TL; DR;
In modern releases, you should use $reduce with $setUnion after the original $group , as shown:
db.collection.aggregate([ { "$group": { "_id": { "Host": "$Host", "ArtId": "$ArtId" }, "count": { "$sum": 1 }, "tags": { "$addToSet": "$tags" } }}, { "$addFields": { "tags": { "$reduce": { "input": "$tags", "initialValue": [], "in": { "$setUnion": [ "$$value", "$$this" ] } } } }} ])
You were right in looking for the $addToSet operator, but when working with content in an array, you usually need to process $unwind . This “de-normalizes” the array entries and essentially makes a “copy” of the parent document with each array entry as an exceptional value in the field. This is what you need to avoid the behavior that you see without using it.
Your "account" presents an interesting problem, although it can be easily resolved with a "double unwind" after the initial $group :
db.collection.aggregate([
This final bit with $project also exists because I used "temporary" names for each of the fields in the other stages of the aggregation pipeline. This is due to the fact that in $project , which "copies" the fields from the existing stage in the order they already appeared "before any" new "fields are added to the document.
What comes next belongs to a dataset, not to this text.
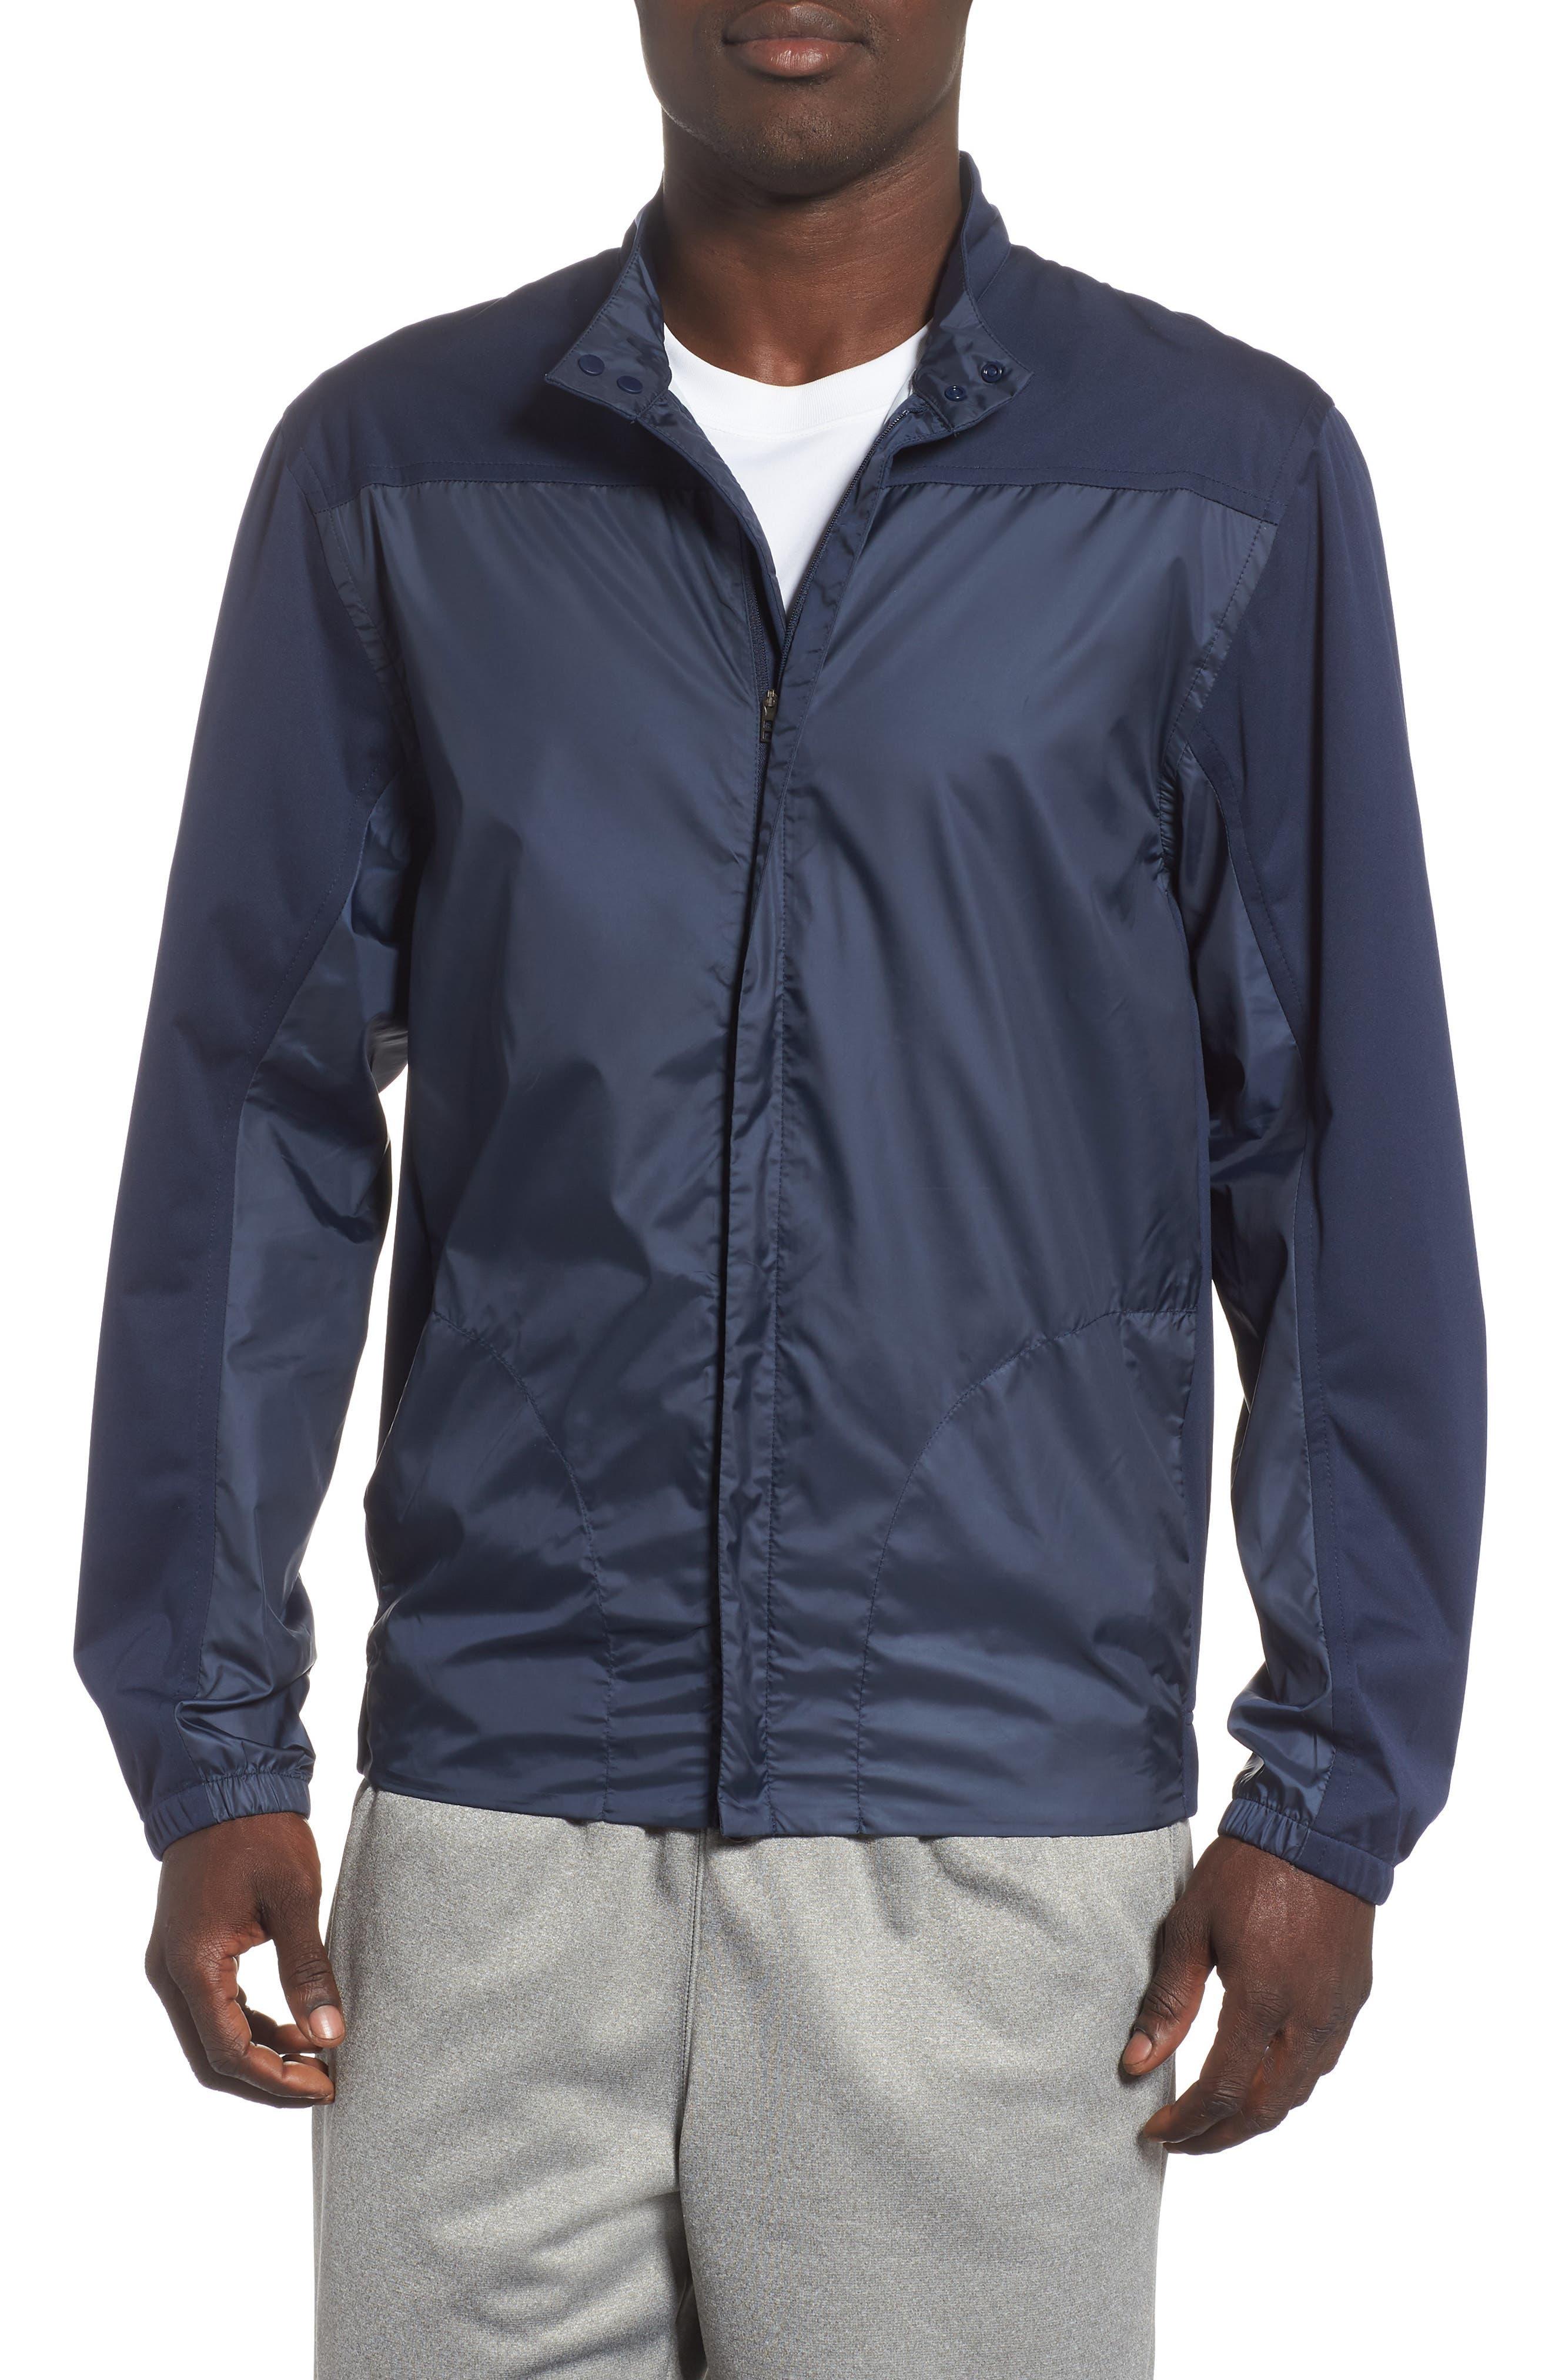 Shield Core Zip Golf Jacket,                         Main,                         color, OBSIDIAN/ OBSIDIAN/ BLACK
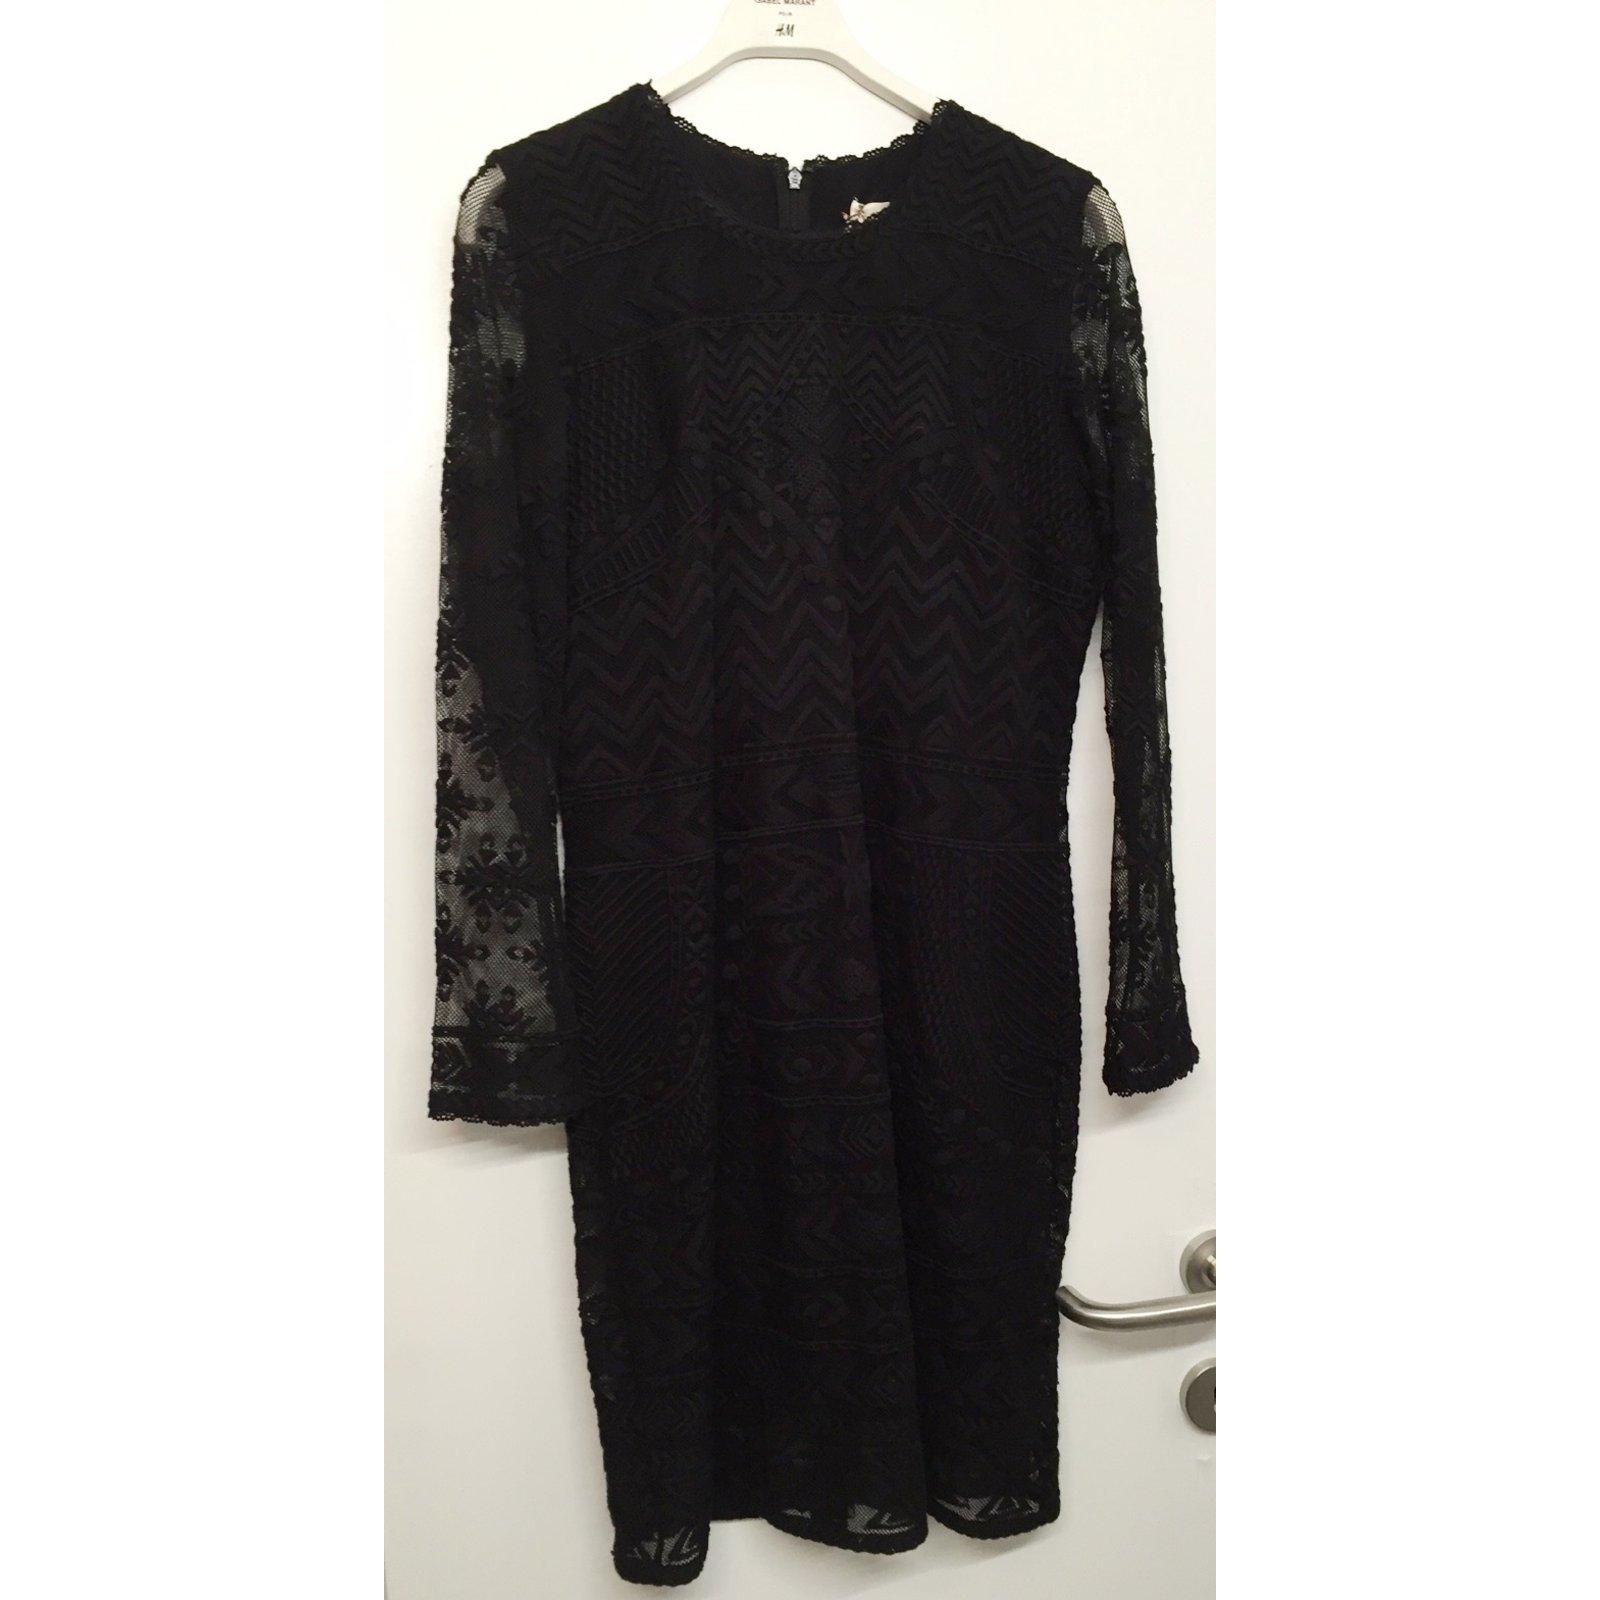 Robe dentelle noire manches longues isabel marant Pour H&M

Otherwise, the output will look like this:
{ "count":2 , "tags":[ "tag1", "tag2", "tag3" ], "Host": "abc.com", "ArtId": "123" }
If the fields are not in the order in which you think. Trivial indeed, but it is important for some people, so it’s worth explaining why and how to handle it.
So $unwind does the work of separating elements, not arrays, and doing $group first allows you to get the "count" of the entry of the "grouping".
The $first operator, which is used later, "saves" the value of "count" because it just got "duplicated" for each value that is present in the "tags" array. It’s all the same value, so it doesn’t matter. Just pick one.